THIS STORY from the Baltimore Sun on the future of the news business post-Rather is worth reading in its entirety. Here’s a bit:
For Socolow, the rise of bloggers is the most exciting change in electronic journalism these days. And, he says, far from upending journalistic traditions, bloggers derive their greatest strength from a mainstay of the profession.
“For all the bad things that bloggers put out there [during the election], they have one really significant advantage over the dinosaur networks, which is their relationship to accuracy,” Socolow said. “The bloggers’ power is in their ability to fact-check mainstream journalism in a new way.”

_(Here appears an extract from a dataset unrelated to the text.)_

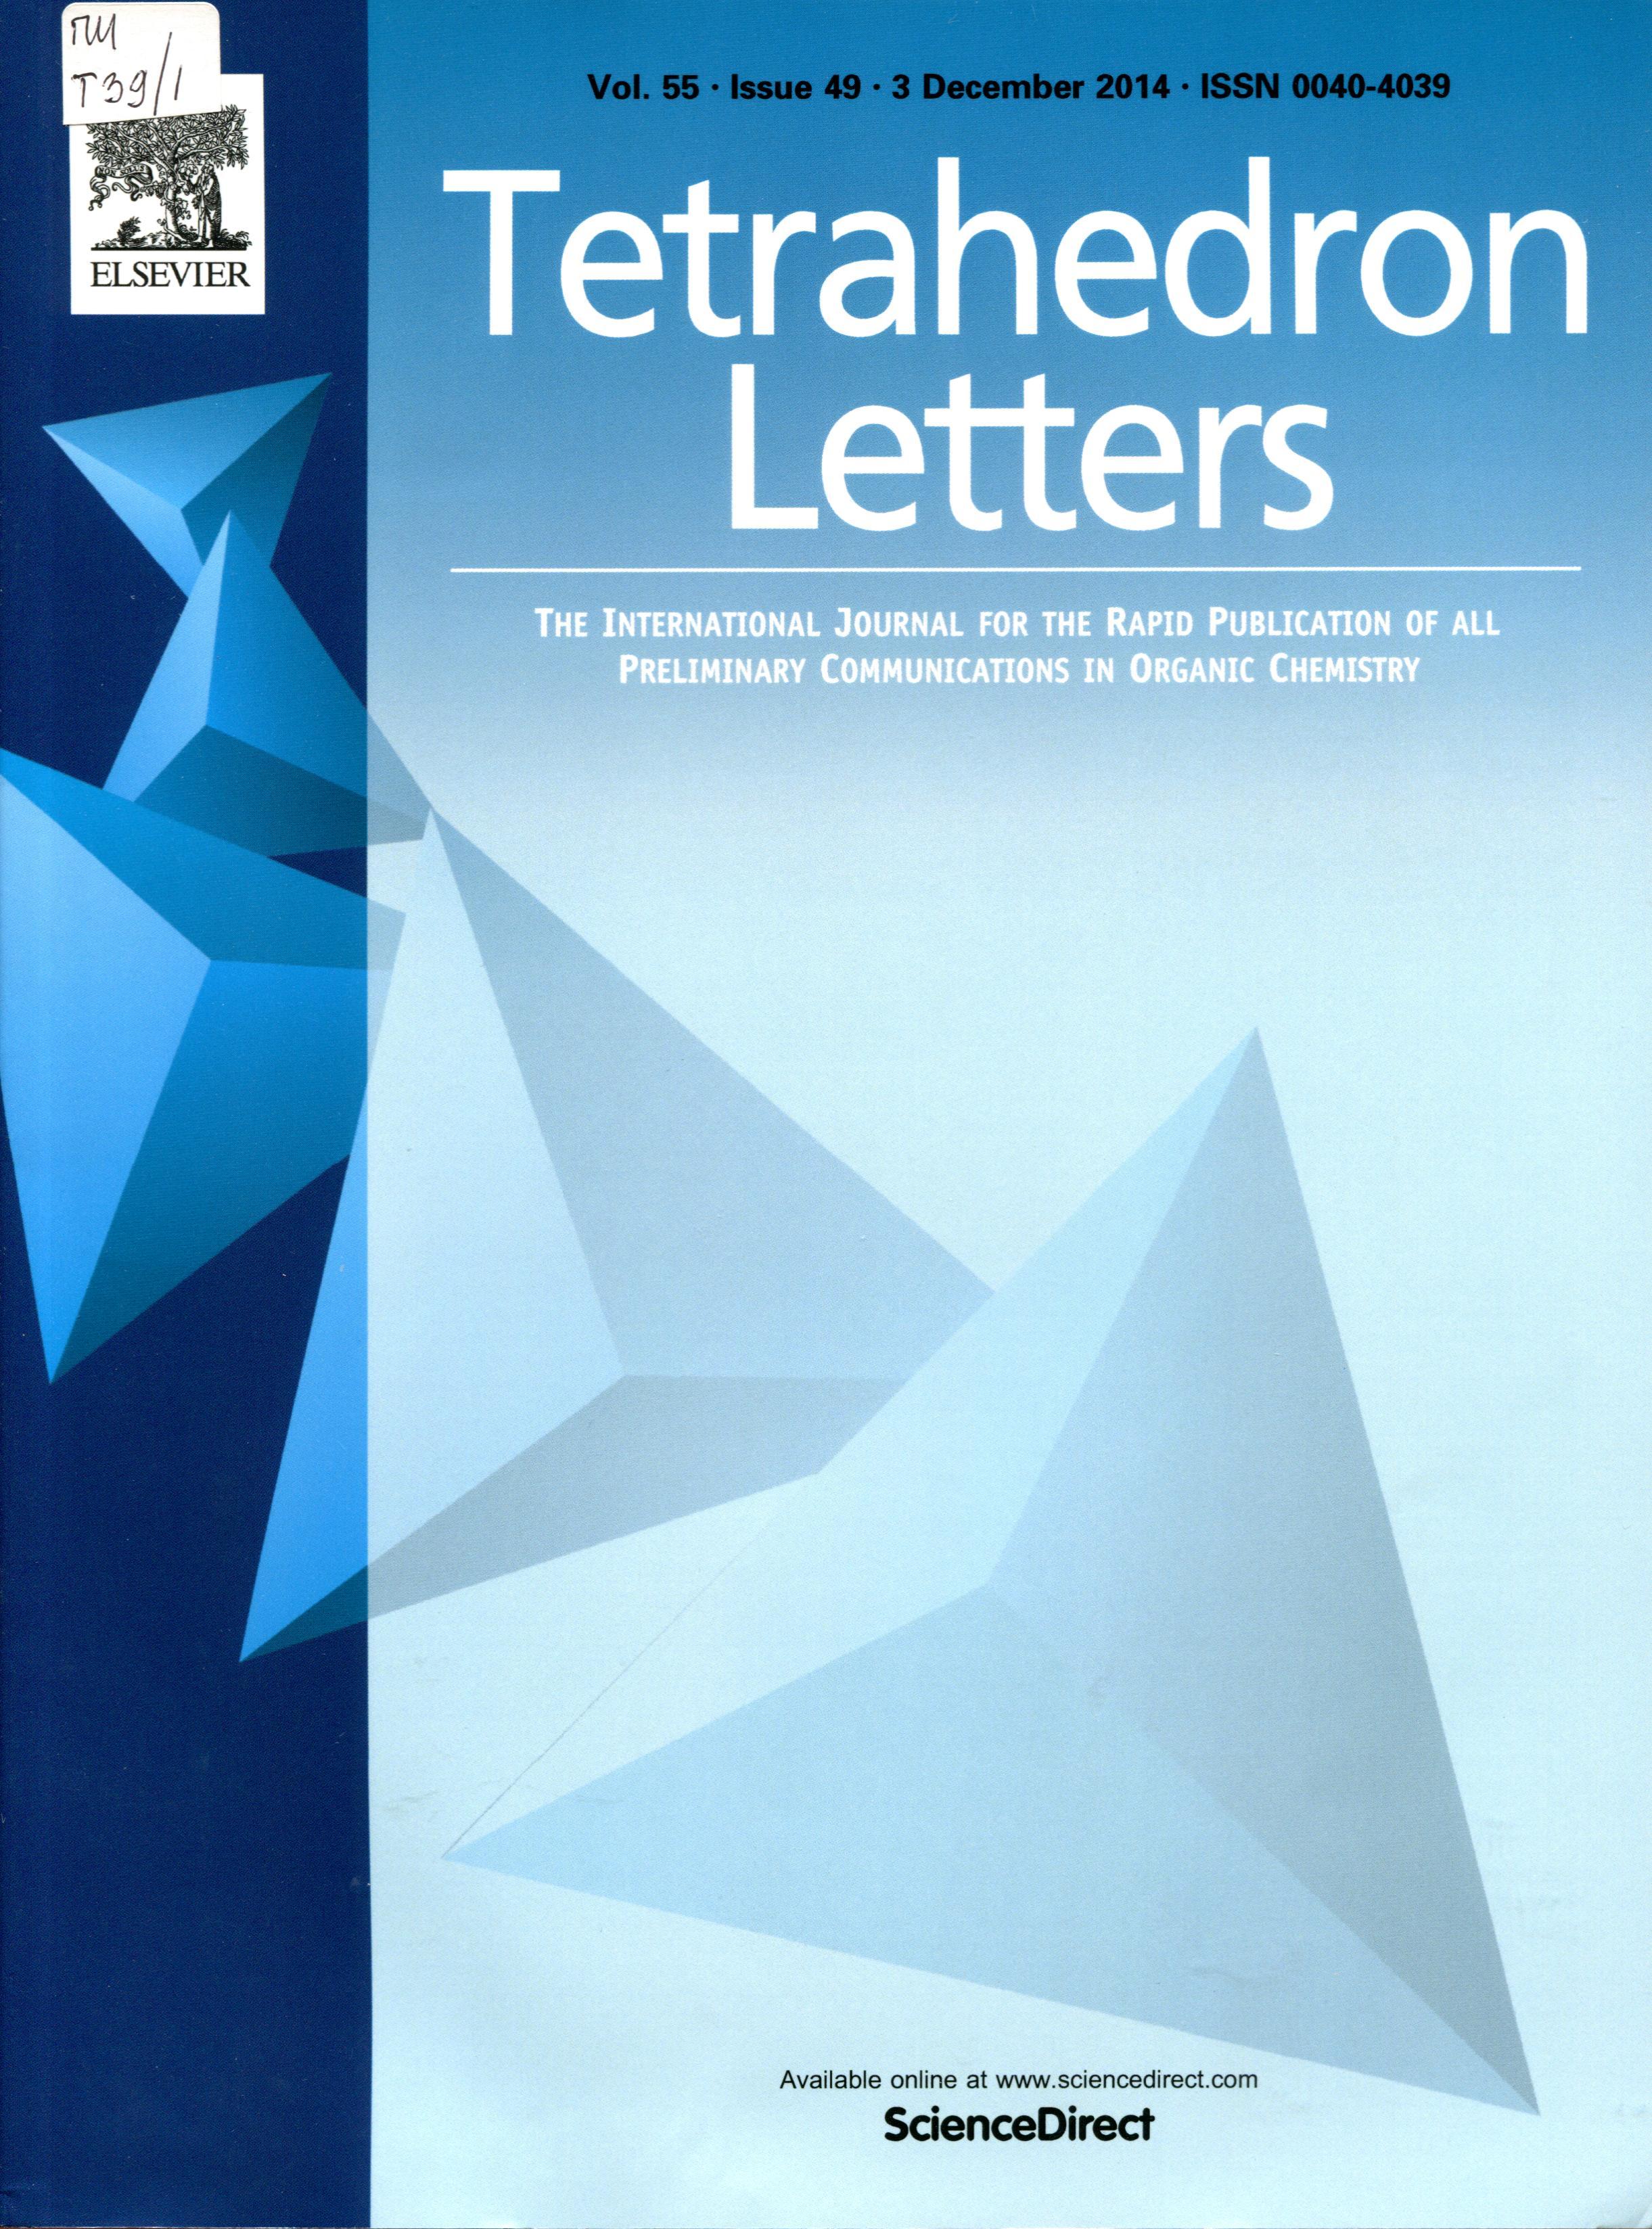 cover letter scientific journal elsevier

The fallout from Rather’s Bush report is proof of that power: It was bloggers – not television or print journalists – who first questioned the authenticity of the documents on which 60 Minutes II based the segment.
“What’s more basic to journalism than fact-checking and accuracy?” Socolow says. “That’s what bloggers are providing, as the Bush-Rather story illustrates. CBS News – or The New York Times for that matter – never had to worry about its journalism being independently evaluated the way it is today on the Internet.”
That’s not as dramatic a story line as the end of network news. But another layer of checks and balances – even if ideologically driven – seems like a good thing for the public.
Yes. And if I were running a Big Media outlet I’d pay someone to surf the blogs (or check links to my own stories from blogs via technorati) and then make corrections when they found errors. It’s free, outsourced error-correction.